Teh dan Kue sebagai Penerima Tamu: Penyediaan teh dan kue oleh pembicara menggambarkan keramahan dan kesiapan untuk menerima tamu, bahkan di tengah gerimis dan senja kehidupan. Ini menciptakan suasana santai untuk berbagi pengalaman dan pemikiran.

Dialog antara Pembicara dan Orang Tua: Dialog antara pembicara dan lelaki tua membuka ruang refleksi tentang waktu, hujan, dan senja. Percakapan ini menciptakan lapisan makna dan mendalamkan pemahaman pembaca terhadap tema penantian dan akhir kehidupan.

Gelap sebagai Bagian dari Perjalanan: Orang tua itu menggambarkan bahwa gelap adalah bagian dari perjalanan hidup.
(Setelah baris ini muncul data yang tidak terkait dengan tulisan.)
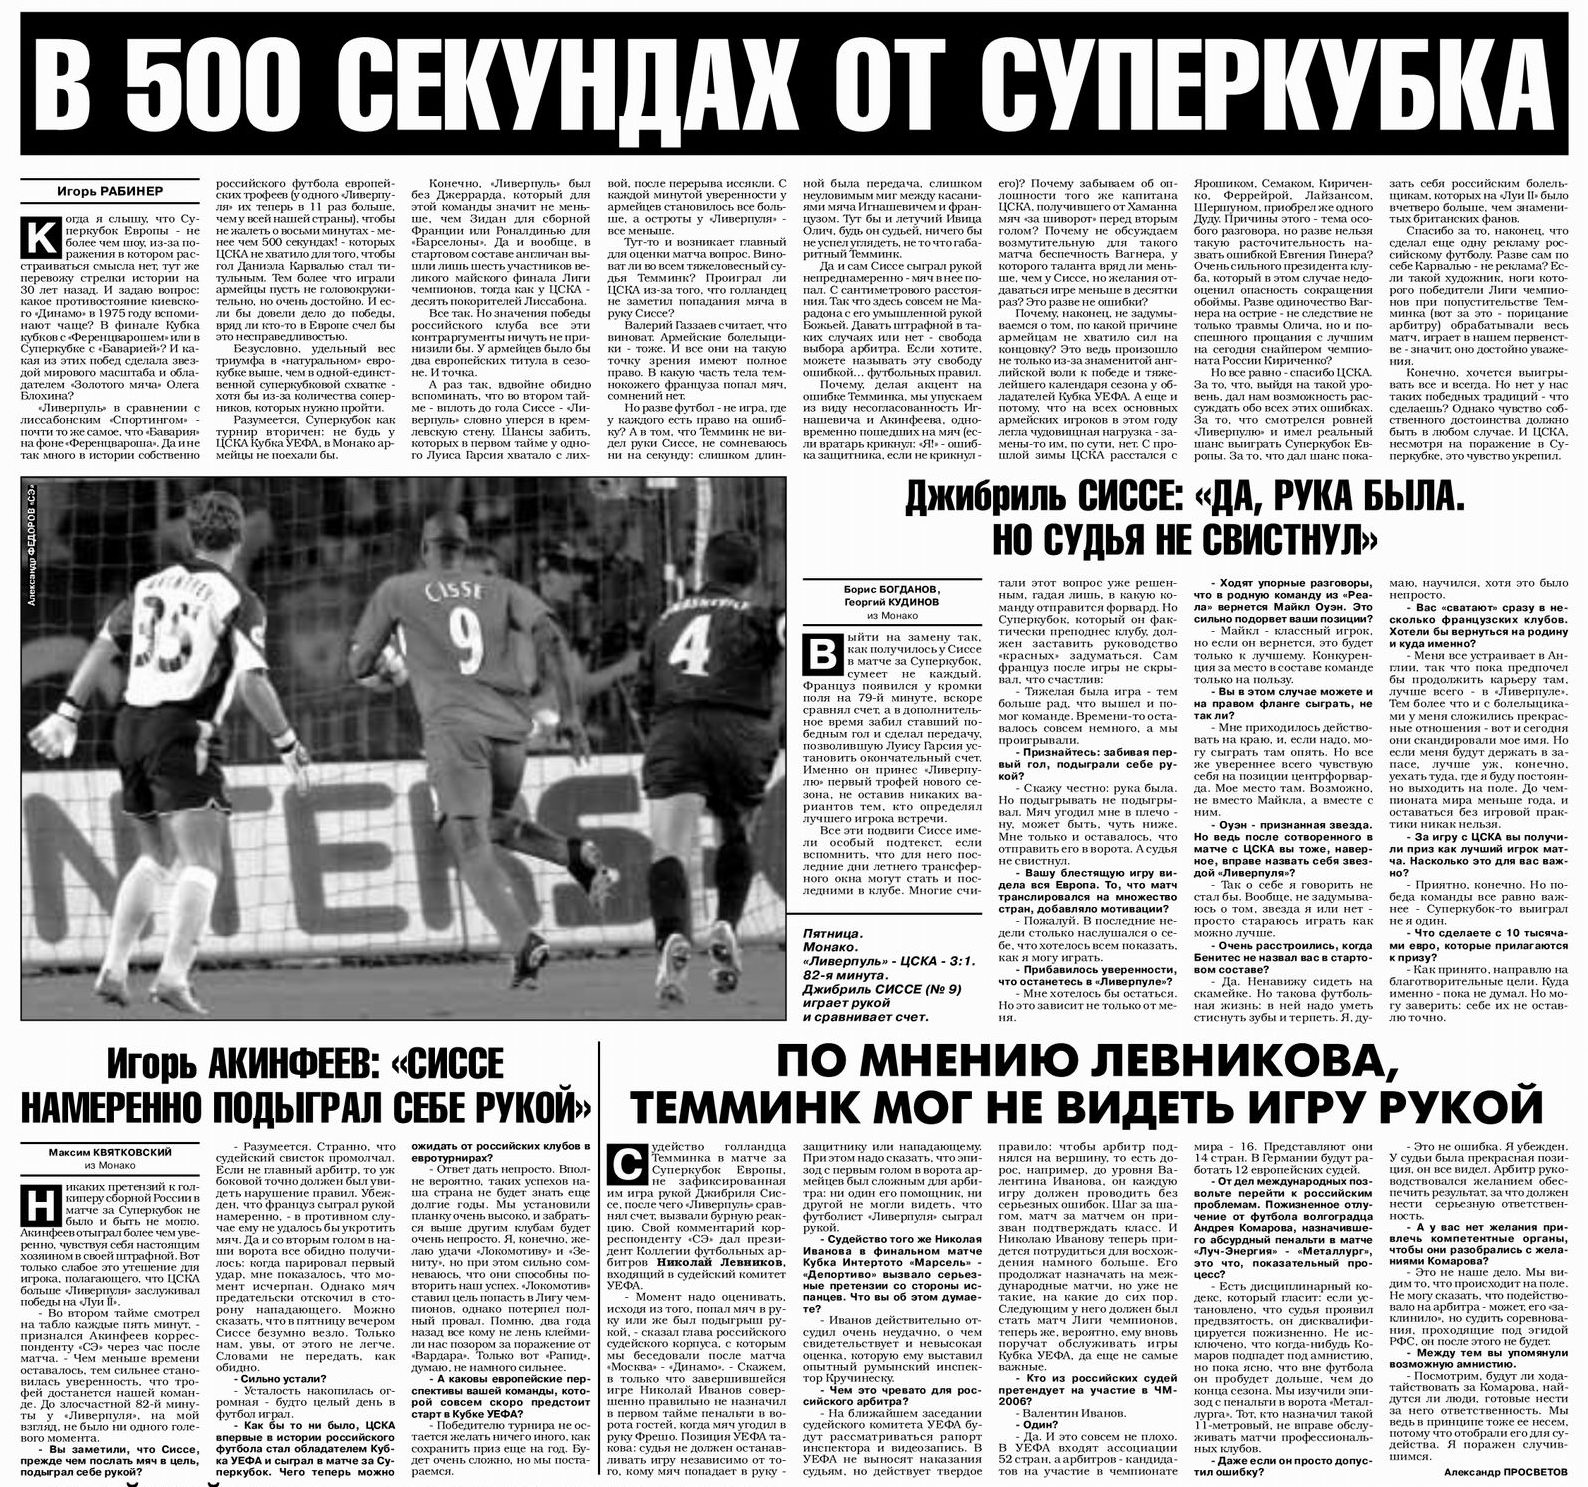 2005-08-26.Liverpool-CSKA.6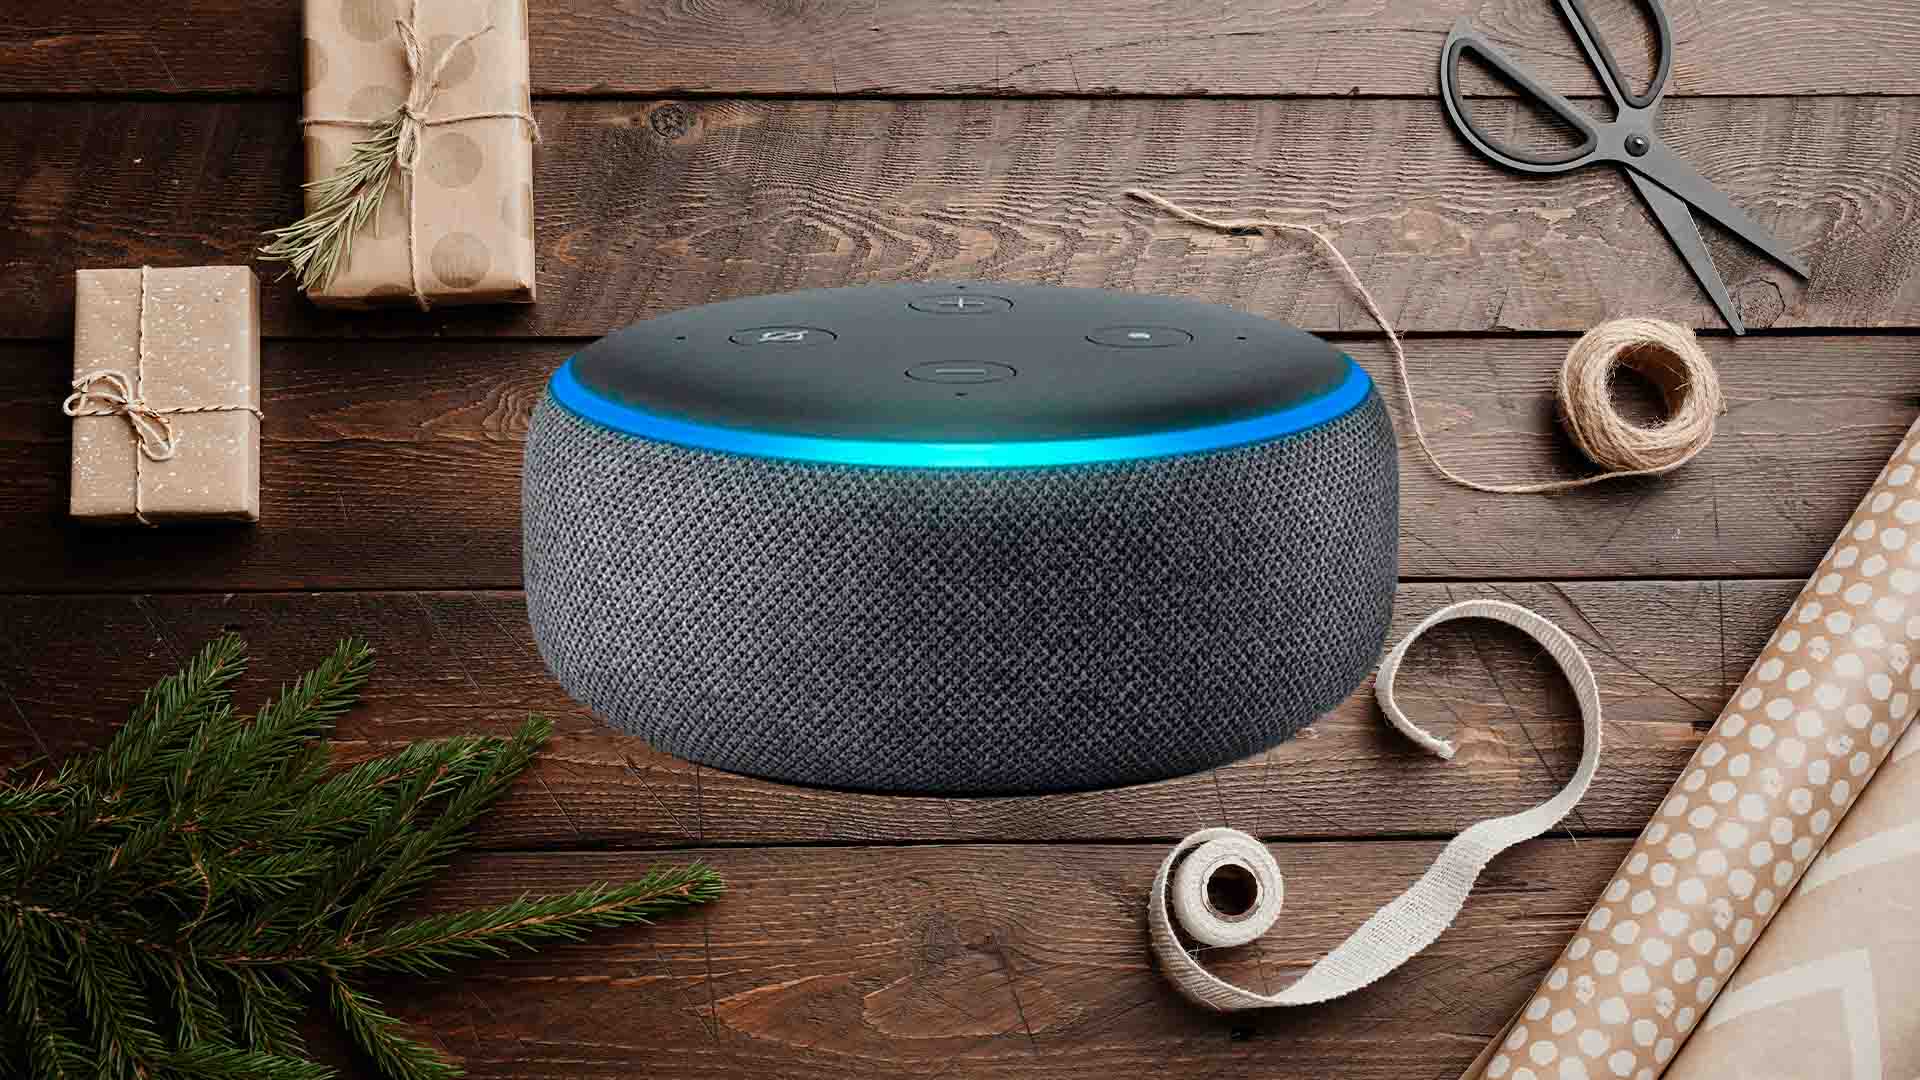 Oferta de Navidad de última hora para Echo Dot 3

Analogi bahwa kelahiran dimulai dengan tangis, dan jalan tangis itu cukup panjang, menggambarkan perjalanan hidup sebagai rangkaian pengalaman yang melibatkan berbagai emosi dan fase.

Kelahiran, Terang, Malam, dan Kembali ke Tempat Asal: Pernyataan tentang kelahiran yang dimulai dengan tangis, perjalanan dari terang ke malam, dan akhirnya kembali ke tempat asal, menggambarkan siklus kehidupan yang sederhana dan tak terelakkan.

Pergi Menuju Ujung Malam: Orang tua itu melangkah menuju ujung malam dengan tertatih-tatih, menggambarkan perjalanan menuju akhir hidup yang penuh dengan tantangan. Tetapi, penggambaran ini juga mengandung harapan akan kedamaian dan kembali ke sumber asal.

Puisi "Senja" menghadirkan keindahan dan kedalaman melalui gambaran senja sebagai metafora hidup. Dengan menggunakan bahasa yang indah dan imaji yang kuat, Idrus Tintin mengajak pembaca merenung tentang perjalanan kehidupan, waktu, dan penantian akan akhir yang tak terelakkan.

Puisi Idrus Tintin
Puisi: Senja
Karya: Idrus Tintin

Biodata Idrus Tintin:
  • Idrus Tintin (oleh sanak keluarga dan kawan-kawannya, biasa dipanggil Derus) lahir pada tanggal 10 November 1932 di Rengat, Riau.
  • Idrus Tintin meninggal dunia pada tanggal 14 Juli 2003 (usia 71 tahun) akibat penyakit stroke.